• Records for this task:
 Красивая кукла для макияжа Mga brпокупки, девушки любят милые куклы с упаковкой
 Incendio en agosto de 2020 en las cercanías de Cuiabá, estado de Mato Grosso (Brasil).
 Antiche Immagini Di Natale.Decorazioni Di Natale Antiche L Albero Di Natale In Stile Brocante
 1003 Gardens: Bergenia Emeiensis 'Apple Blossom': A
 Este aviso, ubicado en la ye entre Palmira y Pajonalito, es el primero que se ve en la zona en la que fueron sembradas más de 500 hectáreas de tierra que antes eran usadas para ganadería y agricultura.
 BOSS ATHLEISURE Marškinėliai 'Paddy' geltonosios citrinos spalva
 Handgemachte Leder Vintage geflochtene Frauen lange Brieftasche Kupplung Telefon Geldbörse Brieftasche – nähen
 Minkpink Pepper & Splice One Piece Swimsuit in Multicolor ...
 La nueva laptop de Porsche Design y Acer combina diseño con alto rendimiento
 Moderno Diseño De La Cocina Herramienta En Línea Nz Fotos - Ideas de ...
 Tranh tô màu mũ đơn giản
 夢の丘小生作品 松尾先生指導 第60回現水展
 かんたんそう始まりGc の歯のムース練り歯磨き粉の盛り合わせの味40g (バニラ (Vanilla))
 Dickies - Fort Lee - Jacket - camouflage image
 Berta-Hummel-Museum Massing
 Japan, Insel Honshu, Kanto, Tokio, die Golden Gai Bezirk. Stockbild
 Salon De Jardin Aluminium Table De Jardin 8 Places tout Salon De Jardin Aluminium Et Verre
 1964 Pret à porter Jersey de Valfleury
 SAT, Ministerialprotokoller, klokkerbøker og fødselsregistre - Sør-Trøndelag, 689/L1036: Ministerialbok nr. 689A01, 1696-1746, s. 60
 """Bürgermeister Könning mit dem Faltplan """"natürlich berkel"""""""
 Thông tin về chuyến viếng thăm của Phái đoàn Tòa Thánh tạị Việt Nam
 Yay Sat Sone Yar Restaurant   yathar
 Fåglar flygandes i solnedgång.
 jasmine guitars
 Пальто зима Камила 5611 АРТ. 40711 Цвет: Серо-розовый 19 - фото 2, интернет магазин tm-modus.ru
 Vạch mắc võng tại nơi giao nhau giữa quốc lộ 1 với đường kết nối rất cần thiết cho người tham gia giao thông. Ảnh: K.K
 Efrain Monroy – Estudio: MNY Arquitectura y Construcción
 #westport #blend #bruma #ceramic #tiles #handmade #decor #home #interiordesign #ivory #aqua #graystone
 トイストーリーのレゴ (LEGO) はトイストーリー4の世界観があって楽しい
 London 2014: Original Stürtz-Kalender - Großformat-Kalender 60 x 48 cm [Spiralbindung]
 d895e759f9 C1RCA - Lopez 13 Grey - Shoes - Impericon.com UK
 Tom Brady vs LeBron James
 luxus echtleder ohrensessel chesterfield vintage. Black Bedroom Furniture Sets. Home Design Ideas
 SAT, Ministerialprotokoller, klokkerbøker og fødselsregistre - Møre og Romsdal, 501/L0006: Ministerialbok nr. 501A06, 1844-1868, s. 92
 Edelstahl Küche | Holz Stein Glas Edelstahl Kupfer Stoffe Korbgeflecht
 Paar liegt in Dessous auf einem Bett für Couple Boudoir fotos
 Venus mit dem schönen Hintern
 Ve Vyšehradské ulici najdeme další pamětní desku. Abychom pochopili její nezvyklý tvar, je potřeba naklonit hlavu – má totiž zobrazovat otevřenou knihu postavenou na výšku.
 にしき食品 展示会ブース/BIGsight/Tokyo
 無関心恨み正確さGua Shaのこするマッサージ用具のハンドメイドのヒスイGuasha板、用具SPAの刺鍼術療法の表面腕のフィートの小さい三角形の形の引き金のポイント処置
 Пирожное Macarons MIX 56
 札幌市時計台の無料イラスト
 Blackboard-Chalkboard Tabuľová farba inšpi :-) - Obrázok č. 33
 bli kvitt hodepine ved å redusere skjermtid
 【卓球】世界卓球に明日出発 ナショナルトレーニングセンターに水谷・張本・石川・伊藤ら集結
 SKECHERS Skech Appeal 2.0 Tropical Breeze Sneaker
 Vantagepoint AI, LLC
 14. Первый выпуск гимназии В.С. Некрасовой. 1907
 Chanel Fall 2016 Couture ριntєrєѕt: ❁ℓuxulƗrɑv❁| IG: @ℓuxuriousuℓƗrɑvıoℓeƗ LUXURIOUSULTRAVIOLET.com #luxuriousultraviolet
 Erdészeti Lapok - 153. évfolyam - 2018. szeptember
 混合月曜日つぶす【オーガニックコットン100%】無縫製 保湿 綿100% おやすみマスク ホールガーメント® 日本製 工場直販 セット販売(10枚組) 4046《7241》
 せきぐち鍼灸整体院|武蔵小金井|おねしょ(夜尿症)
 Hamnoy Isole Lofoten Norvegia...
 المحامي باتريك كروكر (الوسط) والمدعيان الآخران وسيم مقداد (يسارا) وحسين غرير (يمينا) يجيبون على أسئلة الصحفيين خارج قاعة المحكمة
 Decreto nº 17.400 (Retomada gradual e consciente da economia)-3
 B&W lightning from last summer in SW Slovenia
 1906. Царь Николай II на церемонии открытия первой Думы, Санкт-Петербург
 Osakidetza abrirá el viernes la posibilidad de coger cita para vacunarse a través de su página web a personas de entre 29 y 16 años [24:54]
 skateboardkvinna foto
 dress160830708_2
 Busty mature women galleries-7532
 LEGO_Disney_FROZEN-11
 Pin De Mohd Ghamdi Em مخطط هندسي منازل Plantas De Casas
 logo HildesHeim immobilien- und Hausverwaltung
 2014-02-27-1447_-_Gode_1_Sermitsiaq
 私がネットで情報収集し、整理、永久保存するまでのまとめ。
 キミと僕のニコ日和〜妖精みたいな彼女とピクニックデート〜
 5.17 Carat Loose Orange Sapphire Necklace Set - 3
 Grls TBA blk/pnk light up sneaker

• Work task:
Each entry above must be repeated exactly, with nothing dropped.

• Your response:
 Красивая кукла для макияжа Mga brпокупки, девушки любят милые куклы с упаковкой
 Incendio en agosto de 2020 en las cercanías de Cuiabá, estado de Mato Grosso (Brasil).
 Antiche Immagini Di Natale.Decorazioni Di Natale Antiche L Albero Di Natale In Stile Brocante
 1003 Gardens: Bergenia Emeiensis 'Apple Blossom': A
 Este aviso, ubicado en la ye entre Palmira y Pajonalito, es el primero que se ve en la zona en la que fueron sembradas más de 500 hectáreas de tierra que antes eran usadas para ganadería y agricultura.
 BOSS ATHLEISURE Marškinėliai 'Paddy' geltonosios citrinos spalva
 Handgemachte Leder Vintage geflochtene Frauen lange Brieftasche Kupplung Telefon Geldbörse Brieftasche – nähen
 Minkpink Pepper & Splice One Piece Swimsuit in Multicolor ...
 La nueva laptop de Porsche Design y Acer combina diseño con alto rendimiento
 Moderno Diseño De La Cocina Herramienta En Línea Nz Fotos - Ideas de ...
 Tranh tô màu mũ đơn giản
 夢の丘小生作品 松尾先生指導 第60回現水展
 かんたんそう始まりGc の歯のムース練り歯磨き粉の盛り合わせの味40g (バニラ (Vanilla))
 Dickies - Fort Lee - Jacket - camouflage image
 Berta-Hummel-Museum Massing
 Japan, Insel Honshu, Kanto, Tokio, die Golden Gai Bezirk. Stockbild
 Salon De Jardin Aluminium Table De Jardin 8 Places tout Salon De Jardin Aluminium Et Verre
 1964 Pret à porter Jersey de Valfleury
 SAT, Ministerialprotokoller, klokkerbøker og fødselsregistre - Sør-Trøndelag, 689/L1036: Ministerialbok nr. 689A01, 1696-1746, s. 60
 """Bürgermeister Könning mit dem Faltplan """"natürlich berkel"""""""
 Thông tin về chuyến viếng thăm của Phái đoàn Tòa Thánh tạị Việt Nam
 Yay Sat Sone Yar Restaurant   yathar
 Fåglar flygandes i solnedgång.
 jasmine guitars
 Пальто зима Камила 5611 АРТ. 40711 Цвет: Серо-розовый 19 - фото 2, интернет магазин tm-modus.ru
 Vạch mắc võng tại nơi giao nhau giữa quốc lộ 1 với đường kết nối rất cần thiết cho người tham gia giao thông. Ảnh: K.K
 Efrain Monroy – Estudio: MNY Arquitectura y Construcción
 #westport #blend #bruma #ceramic #tiles #handmade #decor #home #interiordesign #ivory #aqua #graystone
 トイストーリーのレゴ (LEGO) はトイストーリー4の世界観があって楽しい
 London 2014: Original Stürtz-Kalender - Großformat-Kalender 60 x 48 cm [Spiralbindung]
 d895e759f9 C1RCA - Lopez 13 Grey - Shoes - Impericon.com UK
 Tom Brady vs LeBron James
 luxus echtleder ohrensessel chesterfield vintage. Black Bedroom Furniture Sets. Home Design Ideas
 SAT, Ministerialprotokoller, klokkerbøker og fødselsregistre - Møre og Romsdal, 501/L0006: Ministerialbok nr. 501A06, 1844-1868, s. 92
 Edelstahl Küche | Holz Stein Glas Edelstahl Kupfer Stoffe Korbgeflecht
 Paar liegt in Dessous auf einem Bett für Couple Boudoir fotos
 Venus mit dem schönen Hintern
 Ve Vyšehradské ulici najdeme další pamětní desku. Abychom pochopili její nezvyklý tvar, je potřeba naklonit hlavu – má totiž zobrazovat otevřenou knihu postavenou na výšku.
 にしき食品 展示会ブース/BIGsight/Tokyo
 無関心恨み正確さGua Shaのこするマッサージ用具のハンドメイドのヒスイGuasha板、用具SPAの刺鍼術療法の表面腕のフィートの小さい三角形の形の引き金のポイント処置
 Пирожное Macarons MIX 56
 札幌市時計台の無料イラスト
 Blackboard-Chalkboard Tabuľová farba inšpi :-) - Obrázok č. 33
 bli kvitt hodepine ved å redusere skjermtid
 【卓球】世界卓球に明日出発 ナショナルトレーニングセンターに水谷・張本・石川・伊藤ら集結
 SKECHERS Skech Appeal 2.0 Tropical Breeze Sneaker
 Vantagepoint AI, LLC
 14. Первый выпуск гимназии В.С. Некрасовой. 1907
 Chanel Fall 2016 Couture ριntєrєѕt: ❁ℓuxulƗrɑv❁| IG: @ℓuxuriousuℓƗrɑvıoℓeƗ LUXURIOUSULTRAVIOLET.com #luxuriousultraviolet
 Erdészeti Lapok - 153. évfolyam - 2018. szeptember
 混合月曜日つぶす【オーガニックコットン100%】無縫製 保湿 綿100% おやすみマスク ホールガーメント® 日本製 工場直販 セット販売(10枚組) 4046《7241》
 せきぐち鍼灸整体院|武蔵小金井|おねしょ(夜尿症)
 Hamnoy Isole Lofoten Norvegia...
 المحامي باتريك كروكر (الوسط) والمدعيان الآخران وسيم مقداد (يسارا) وحسين غرير (يمينا) يجيبون على أسئلة الصحفيين خارج قاعة المحكمة
 Decreto nº 17.400 (Retomada gradual e consciente da economia)-3
 B&W lightning from last summer in SW Slovenia
 1906. Царь Николай II на церемонии открытия первой Думы, Санкт-Петербург
 Osakidetza abrirá el viernes la posibilidad de coger cita para vacunarse a través de su página web a personas de entre 29 y 16 años [24:54]
 skateboardkvinna foto
 dress160830708_2
 Busty mature women galleries-7532
 LEGO_Disney_FROZEN-11
 Pin De Mohd Ghamdi Em مخطط هندسي منازل Plantas De Casas
 logo HildesHeim immobilien- und Hausverwaltung
 2014-02-27-1447_-_Gode_1_Sermitsiaq
 私がネットで情報収集し、整理、永久保存するまでのまとめ。
 キミと僕のニコ日和〜妖精みたいな彼女とピクニックデート〜
 5.17 Carat Loose Orange Sapphire Necklace Set - 3
 Grls TBA blk/pnk light up sneaker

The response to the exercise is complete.